• Lastingsafe

What is a Safe Room?

Updated: Jun 29

FEMA defines: “A safe room is a professionally reinforced, specially designed to meet FEMA standards and provides excellent protection in extreme weather events including tornadoes and hurricanes.”


Risk assessment: Identify the types of hazards to be avoided, such as natural or man-made disasters.


Site selection: The construction of a safe room includes the basement and the ground. Do not build underground hurricane bunkers in areas prone to flooding. You will not be hurt by the wind but will be submerged in the water.


Structure: usually steel plate plus concrete and other materials to build, modular assembly structure.


Building Code: Ensure compliance with FEMA P-361 and ICC 500.


Cost: The size, materials, configuration, etc. of the safe room to be built, ranging from a few thousand dollars to tens of thousands of dollars


A safe room is a refuge that can be either stand-alone or built into a building that is strong enough to withstand any catastrophic event. The type of security event you want to avoid (such as weather events, terrorist incidents), the number of people you use will determine the size of the safe room.


“A safe room is insurance against problems such as theft or natural disasters.” “Also known as the panic room, it is just a reinforced room that provides a safe haven.”


Anyone who has seen the movie "The Wizard of Oz" will remember Dorothy's tornado shelter in his home in Kansas. People born in the 1950s and 1960s may be more familiar with the shelters and emergency shelters that were built at the time. The Panic Room, starring (Jodie Foster), introduces the concept of a safe room into the new century.


In the Middle Ages, when the invaders attacked, the tall castle was on a hill surrounded by water. The fortress of the castle is stronger. The original version of the safe room has been around for thousands of years. Now, safe rooms have more technology and will be hidden.

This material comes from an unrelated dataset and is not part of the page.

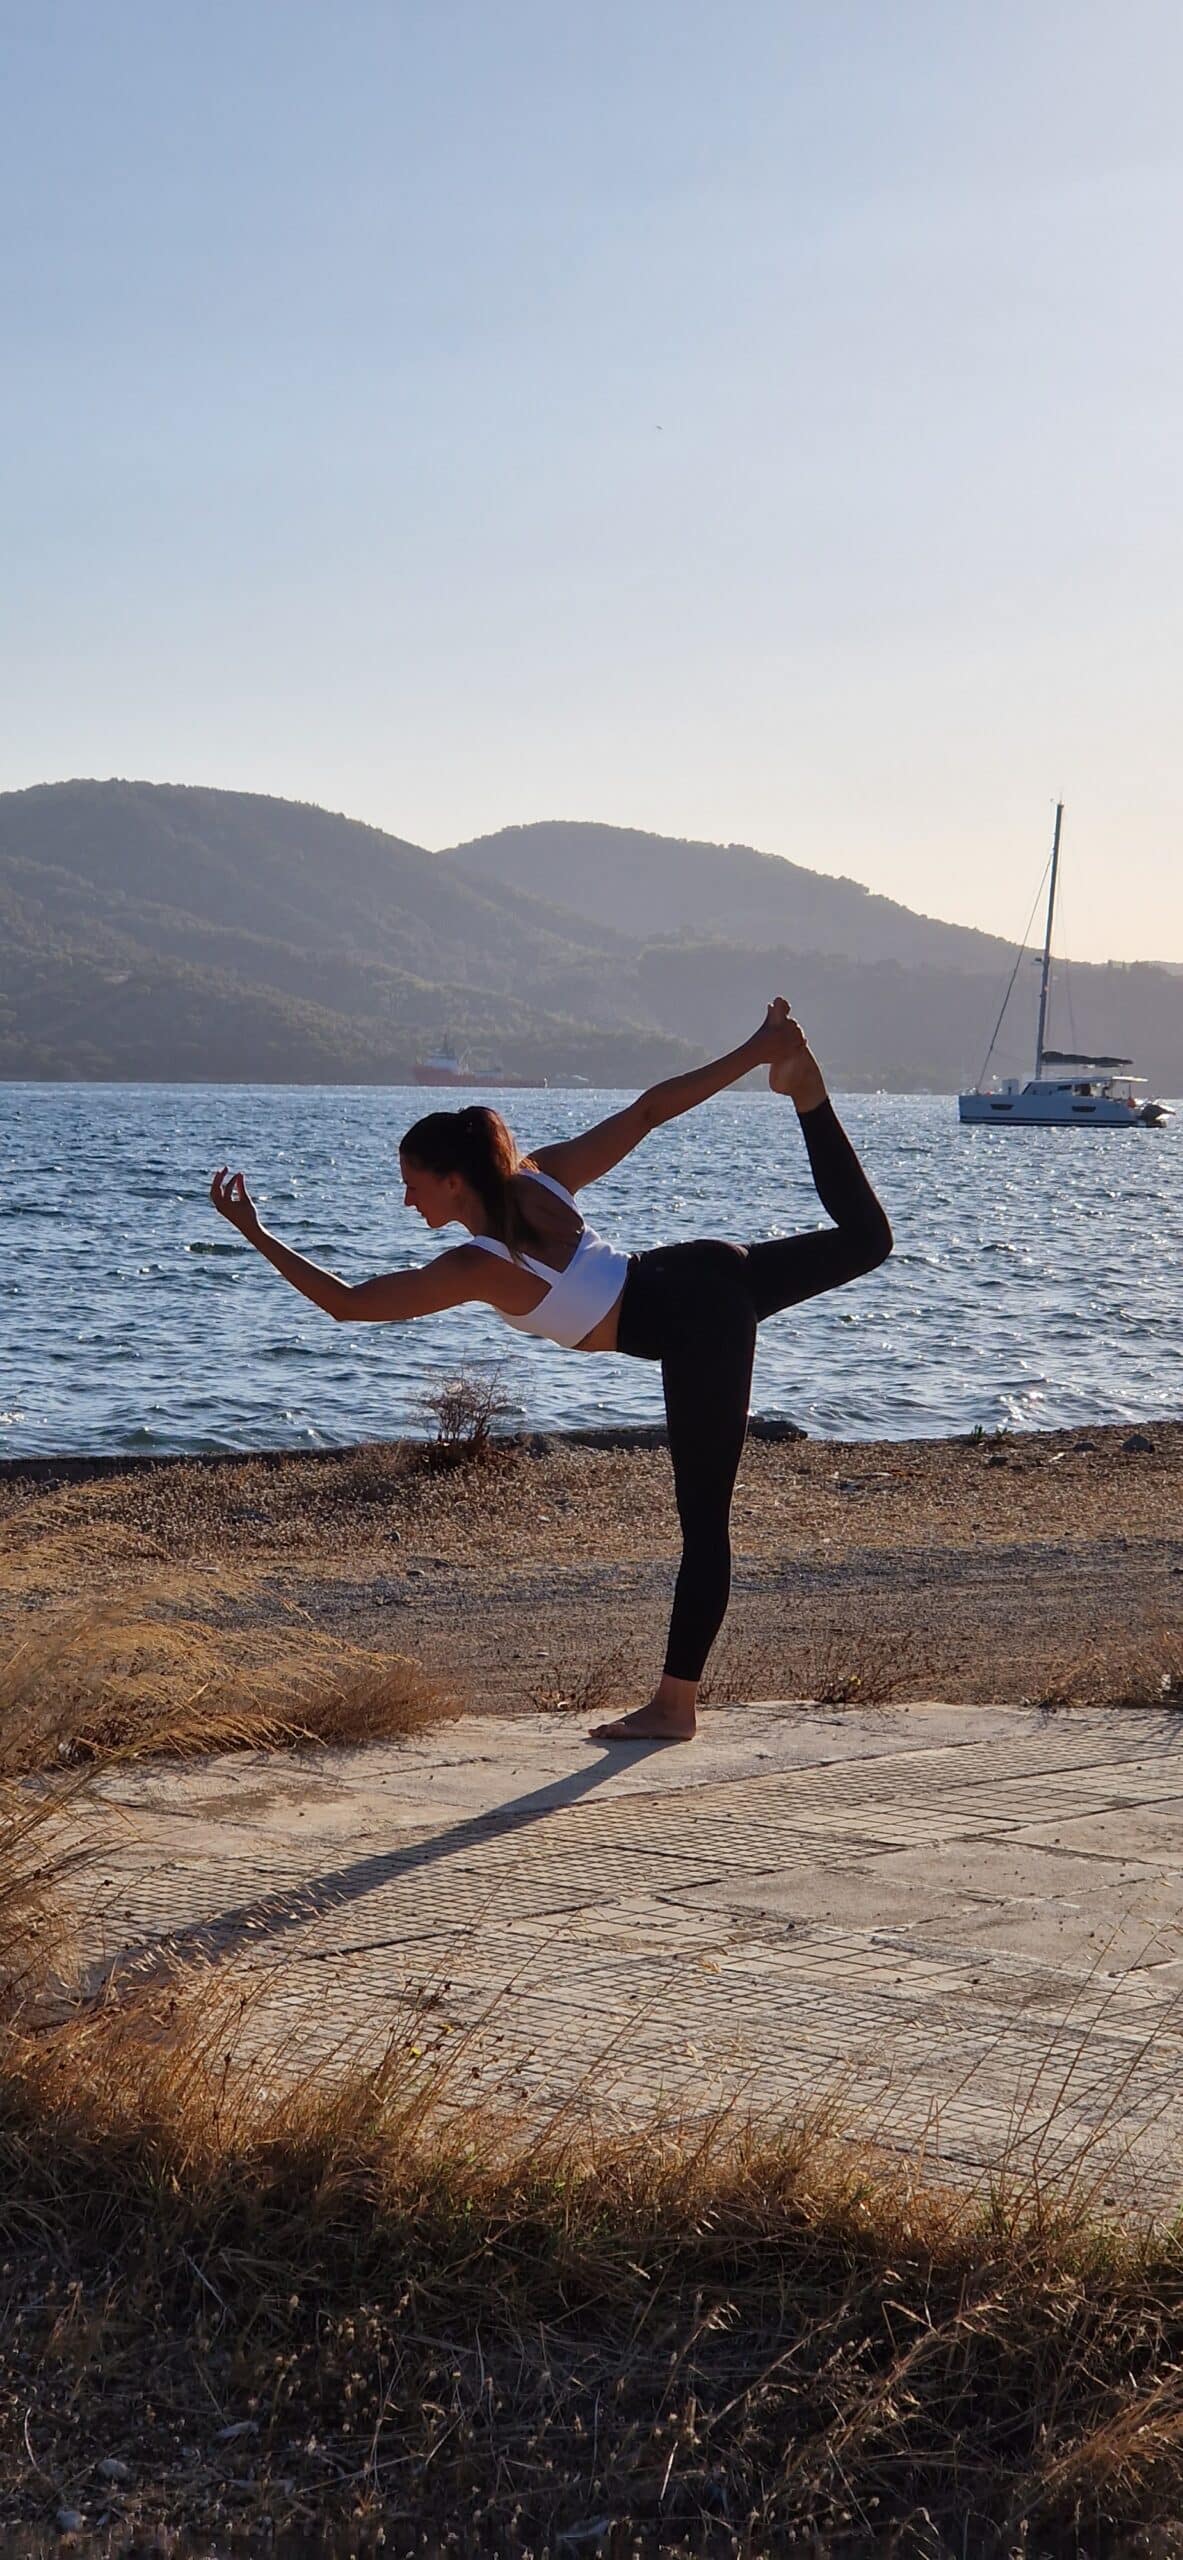 Eine Frau übt eine fortgeschrittene Yoga-Pose auf einer Betonplatte neben einem ruhigen Gewässer, mit Hügeln und einem Segelboot im Hintergrund. Inmitten ihrer anmutigen Balance kann man sich leicht vorstellen, man sei auf einem Segelurlaub und würde die gleiche Ruhe spüren, die sie verkörpert.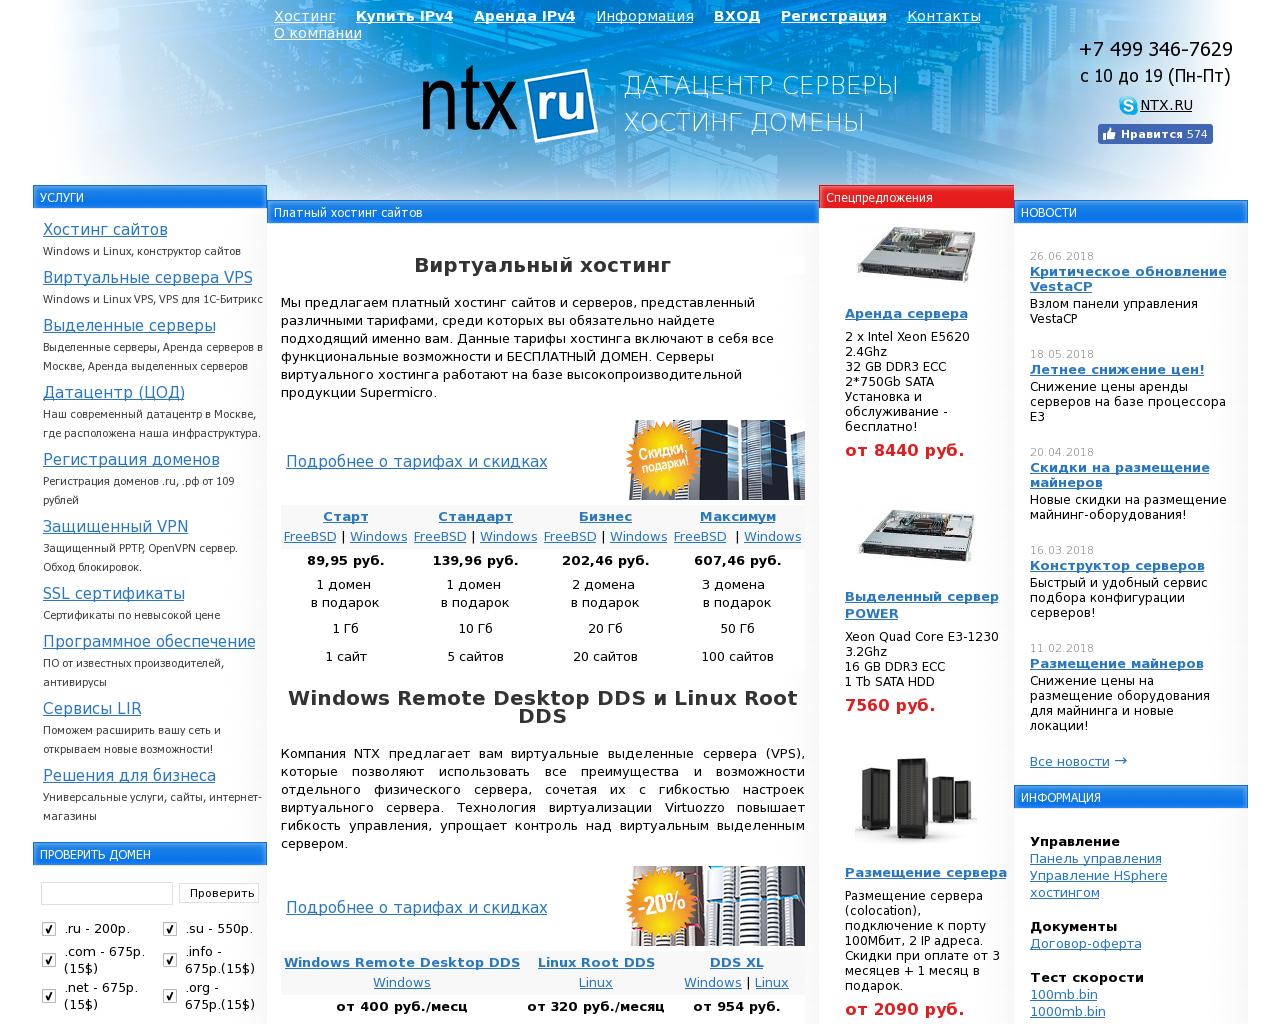 Изображение сайта ntx.ru в разрешении 1280x1024

Reasons for building a safe room

Due to the increasing frequency of extreme weather and tornadoes, FEMA encourages homeowners and communities to establish FEMA-compliant safe houses. For some time, strong winds have been the reason why people in the Midwestern United States built tornado safety rooms.

If the weather event is the primary purpose of ensuring safety, a safe room needs to be installed underground. If you build on the second floor of the house, the safe room will be thrown like a basketball. The secure rooms are reinforced and are usually built on the ground according to specifications and fixed on the required floor. For individuals and families, building in the basement is safer.